A passion for learning and leading
Volunteer work that Kasinyabo has been doing since high school helped her realize her passion for learning and knack for teaching.
Her volunteer efforts were influenced by her older brother who was born with cerebral palsy, a motor disorder that affects his gait and the use of one hand.
“He has lived with a physical disability for his entire life. His constant willingness to learn and adapt is an inspiration to me every day,” she says.
Through volunteer roles with the Cerebral Palsy Association of Alberta and the Alberta Cerebral Palsy Sports Association, Kasinyabo has explored her fascination with how young people learn, including helping an eight-year-old girl with cerebral palsy learn to skate.
“I’m really interested in coaching or teaching to take advantage of that neuroplasticity that kids have when they have to learn something, even with a different ability, so they can find ways to maneuver around it and get it done their own way,” she says.
Collaboration leads to success
Her ability to coach has also come in handy in Meier-Stephenson’s research lab. She volunteered for a summer back in 2021 when Meier-Stephenson, then a newly hired faculty member, was setting up her research program focused on finding new drugs to treat chronic hepatitis B. Kasinyabo then won an undergraduate research award from the Li Ka Shing Institute of Virology to work in the lab last summer and has been awarded a Canadian Institutes of Health Research grant for this coming summer.

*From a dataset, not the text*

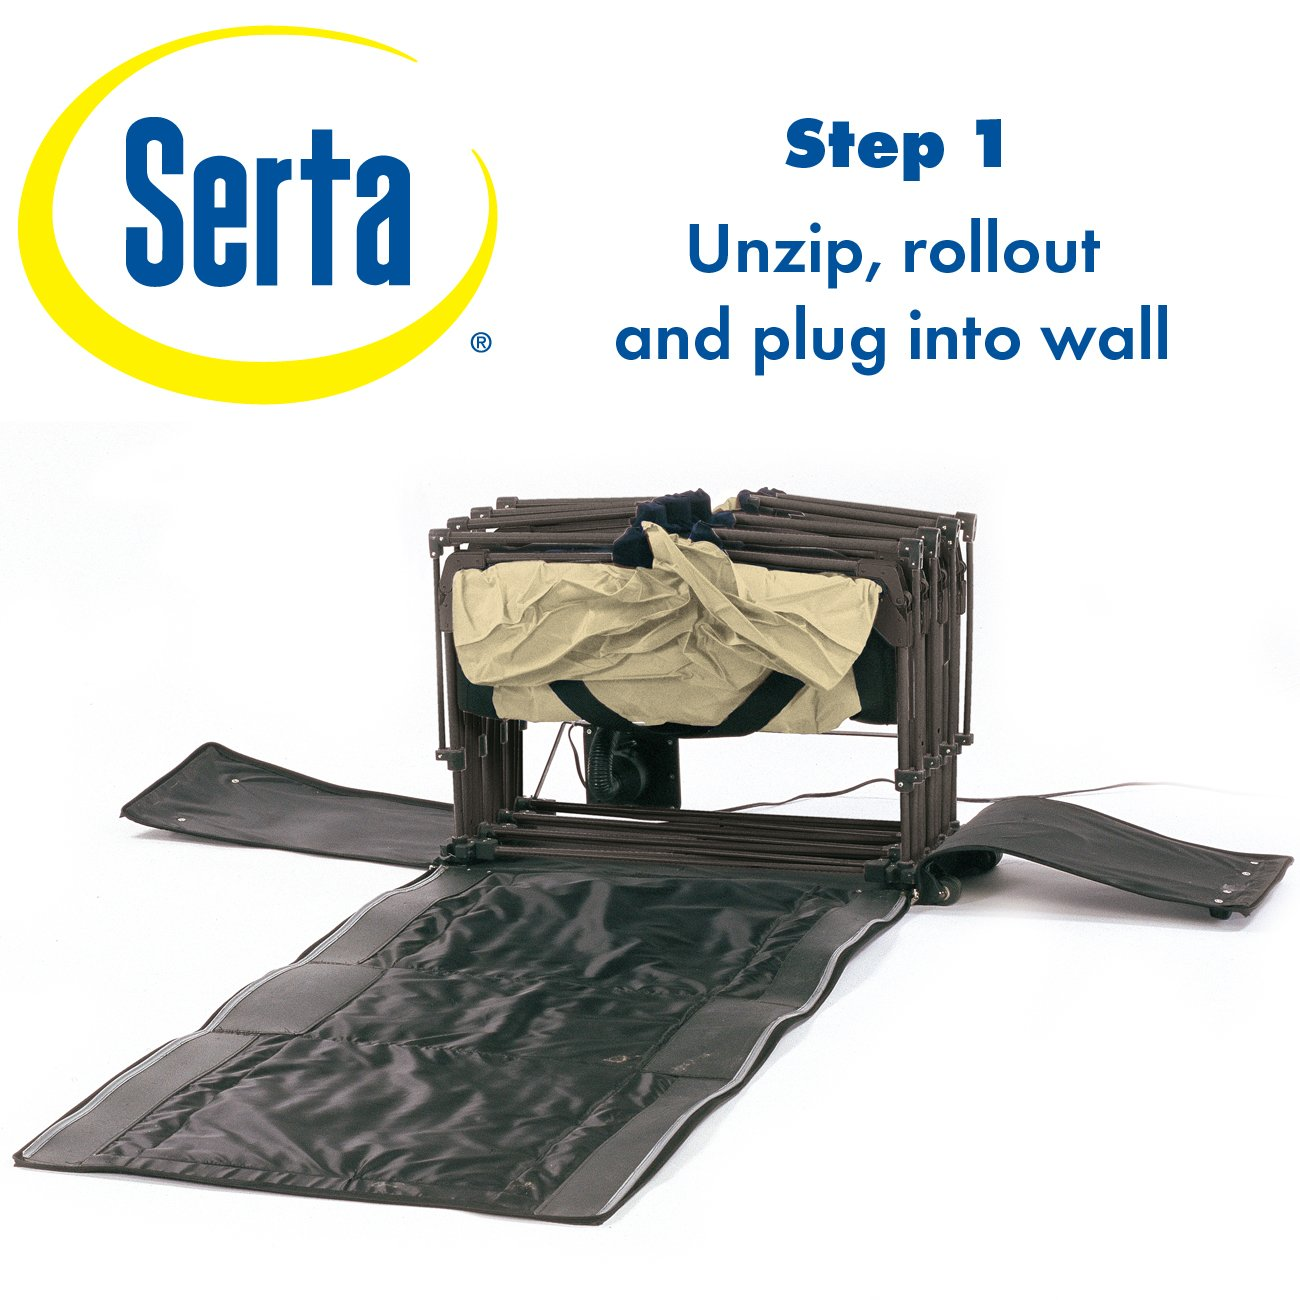 Amazon.com: Serta EZ Air Mattress with Never Flat Pump: Sports & Outdoors

Kasinyabo, who served as vice-president of the Immunology and Infection Students' Association, has heard stories about research being uber-competitive. But she found others in U of A laboratories — including those run by famed virologists Lorne Tyrrell and Michael Houghton — to be supportive and helpful. In Meier-Stephenson’s laboratory she says she has found a collaborative environment in which everyone is encouraged to do their best work.
Their lab work involves testing drugs that shut down cancer-causing sections of DNA in diseased cells, hoping they will have an effect on similar sections of the DNA of chronic hepatitis B. Kasinyabo's role is to perform drug studies in hepatitis B infected cells, where she works in one of the lab's biohoods. As Meier-Stephenson’s lab team expanded, now including two graduate and eight undergraduate student researchers, Kasinyabo has taken on the role of supporter, teacher and mentor to the newer team members.
“I prefer a collaborative environment where no one's feeling afraid to say, ‘Oh, something didn't work,’ or ‘I just messed up,’” says Meier-Stephenson. “Emma is right there in it, and yes, sometimes an experiment doesn’t work for whatever reason, but she backs up and tries to figure out why.”
“That's research! And that's also what makes Emma a good researcher and great role model," she says.
Following one more summer in the lab, Kasinyabo plans to look for a position with a clinical trial, where she can gain experience working with patients. No matter what professional step she takes after that, she intends to continue volunteering.
“I'm going to stay with the community of people with disabilities and kids with whatever abilities,” she says. “I think community involvement and just being generous in that way is so rewarding.”